Sarcophaga carnaria

Grey flesh fly ( Sarcophaga carnaria )

The Grey flesh fly ( Sarcophaga carnaria ) is a fly from the family of flesh-flies ( Sarcophagidae ).

Features

The animals have a body length of 8 to 19 mm. They are colored light gray, have the thorax dark gray longitudinal stripes on the abdomen and a chessboard-like pattern of light and dark gray squares. From the side of the saw head is square shaped, the end is forward. The male is narrow, those of the females is wide and has two pairs of strong orbital bristles. The red compound eyes are hairless. The cheeks and the back of the head are white hand, long, hairy on the upper side black. To the sensors, the third bristle is longer than the second. The wings bristle is long haired. The sternites of the third and fourth segments are almost completely covered by the tergites.

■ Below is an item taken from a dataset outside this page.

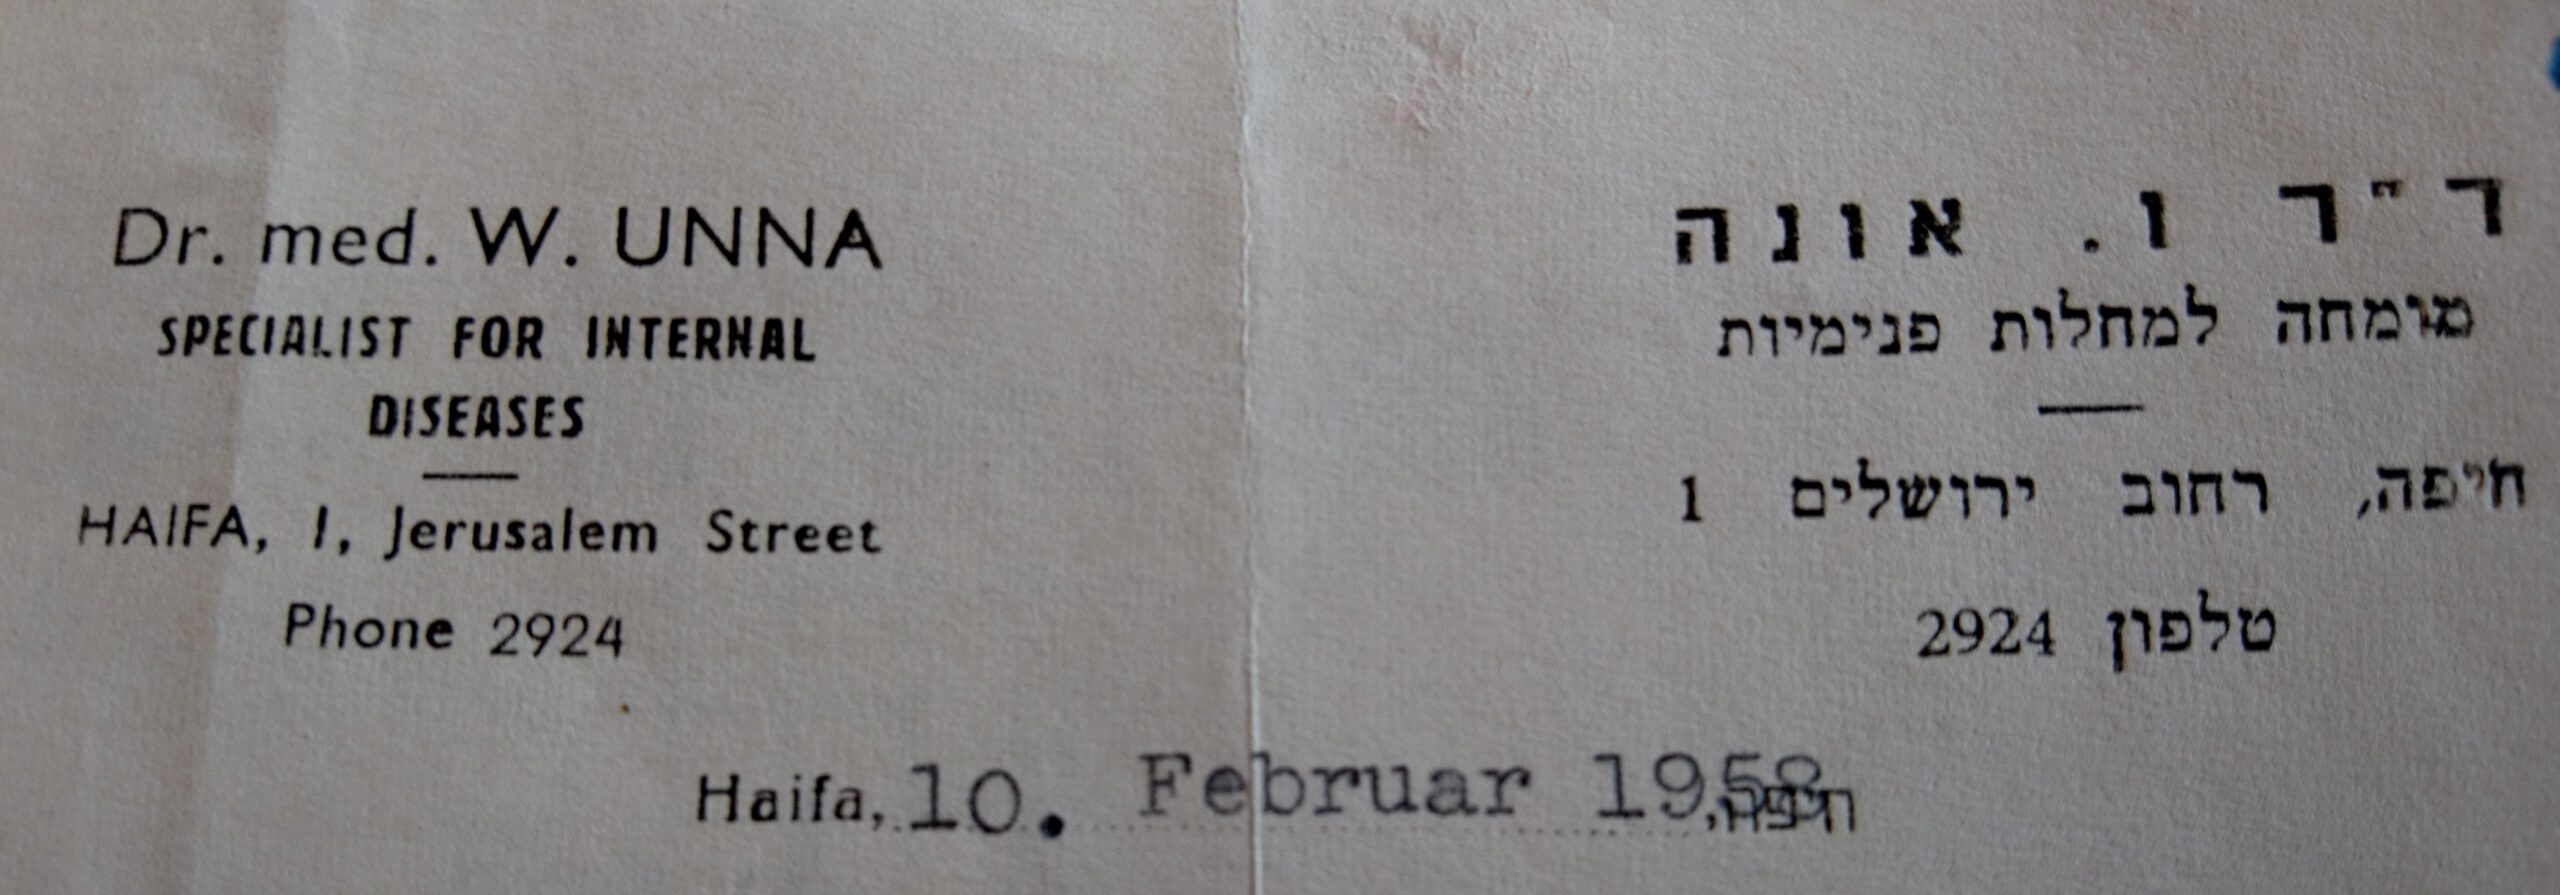 William Unnas Praxisadresse 1958, Quelle Entschädigungsbehörde Berlin

Of the related species of the genus, the species is, however, only genitalmorphologisch distinguishable. The larva has not been described.

Occurrence

The flies come in the Palaearctic ago, north to northern Norway and the Kola Peninsula, east through southern Siberia to Lake Baikal. They are preferably found along forest edges, but are rather light- loving ( heliophilic ) and steer clear of the forest interior.

Way of life

The adults often fly to flowers and can be found on this. The gray flesh fly, as almost all flesh flies, viviparous ( larvipar ), ie the female lays on the host newly hatched young larvae, eggs, from. Larvae of the species evolve, probably exclusively, as parasitoids of earthworms. Information from carrion almost certainly be based on misidentifications. The species is therefore irrelevant to the Forensic Entomology. Like many other flesh flies they can at a high density of fly maggots to predatory diet (from other maggots ) pass (so-called schizophage nutrition).

The gray flesh fly has several generations per year.